4. Discussion and Conclusions

The construction of the SARIMA model involved a meticulous process of parameter selection, fitting, and validation, guided by a rigorous analytical approach. As part of this procedure, the autocorrelation structure of the time series was examined, differencing was applied to remove seasonality, and the orders (p, d, q) for the regular component and (P, D, Q) for the seasonal component were determined. Based on the analysis of correlograms, various model configurations were evaluated using performance metrics such as RMSE, MSE, AMAPE, and MAPE, which enabled the selection of a model that effectively captured the dynamics of the series under study. Residual analysis during the validation stage confirmed the model’s suitability for forecasting, a result consistent with the findings of Bas et al. [45], who also demonstrated the predictive capability of the SARIMA model based on residual behavior

In this study, the selected SARIMA (2,0,1) (2,1,0) model not only allows for accurate forecasting but also provides deeper insight into the temporal behavior of suspended particles in the Panamanian atmosphere. The validity of SARIMA as a predictive tool is supported by previous studies such as that of Bas et al. [46], who applied this approach to model ⁷Be concentrations in Spain, using error metrics to assess forecast accuracy. Similarly, the consistency of the seasonal patterns identified aligns with the findings of Chham et al. [47], who reported seasonal patterns in nine out of ten Spanish regions, suggesting that ⁷Be seasonality is a recurrent feature across different geographic contexts.

Conversely, Bianchi et al. [48] observed that maximum and minimum values do not follow a consistent pattern across years, and that variance exhibits significant fluctuations. These results contrast with the findings of our study, which identified greater interannual regularity and more stable variance. According to the authors, this dynamic suggests that although a recurrent pattern exists, its intensity and shape are modulated by meteorological factors such as atmospheric pressure and temperature, potentially linked to changes in atmospheric dynamics or aerosol transport processes [49]—an aspect that warrants further exploration in future studies.

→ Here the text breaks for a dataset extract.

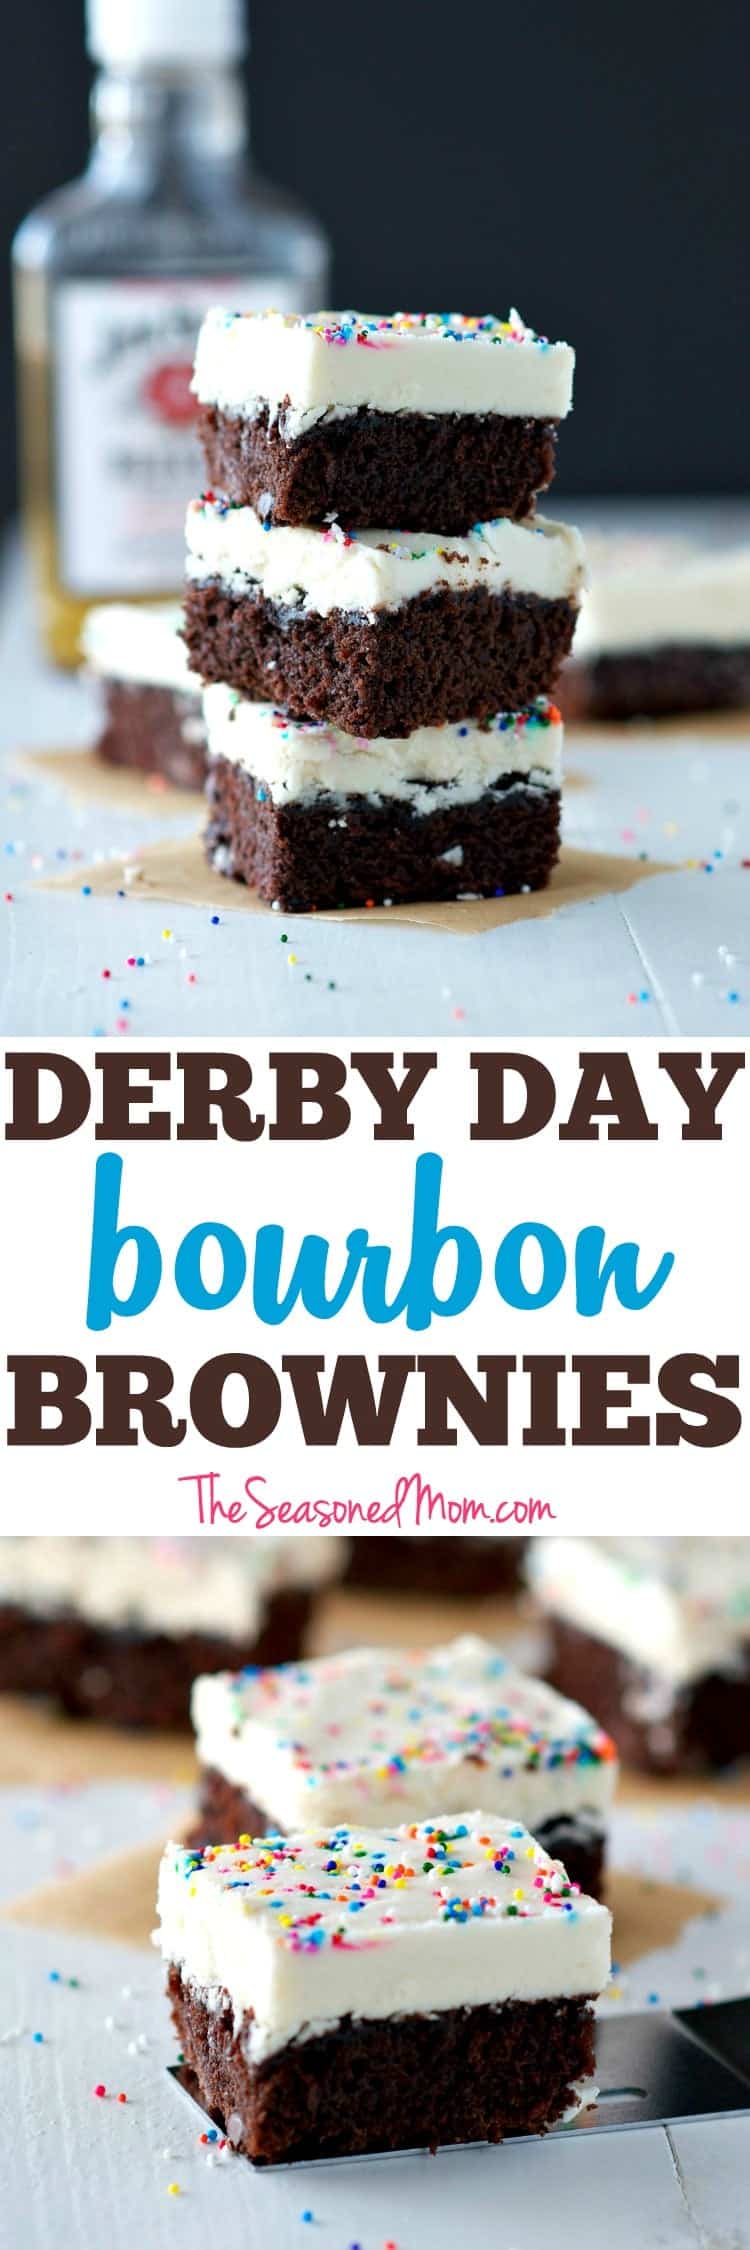 Derby Day Bourbon Brownies image

The results of the present study also align with those of Alegría et al. [15], who reported significant seasonal and monthly variation in beryllium concentrations, reinforcing the relevance of the seasonal component in ⁷Be dynamics.

This concordance between previous studies and the current analysis validates the use of the SARIMA model as both an explanatory and predictive tool for ⁷Be, while also highlighting the importance of incorporating meteorological variables [50] to enrich the understanding of the factors that modulate its behavior in future time series analyses. Finally, comparing the behavior of ⁷Be with that of other environmentally relevant particles could significantly deepen our understanding of the processes that govern its presence and variability in the atmosphere.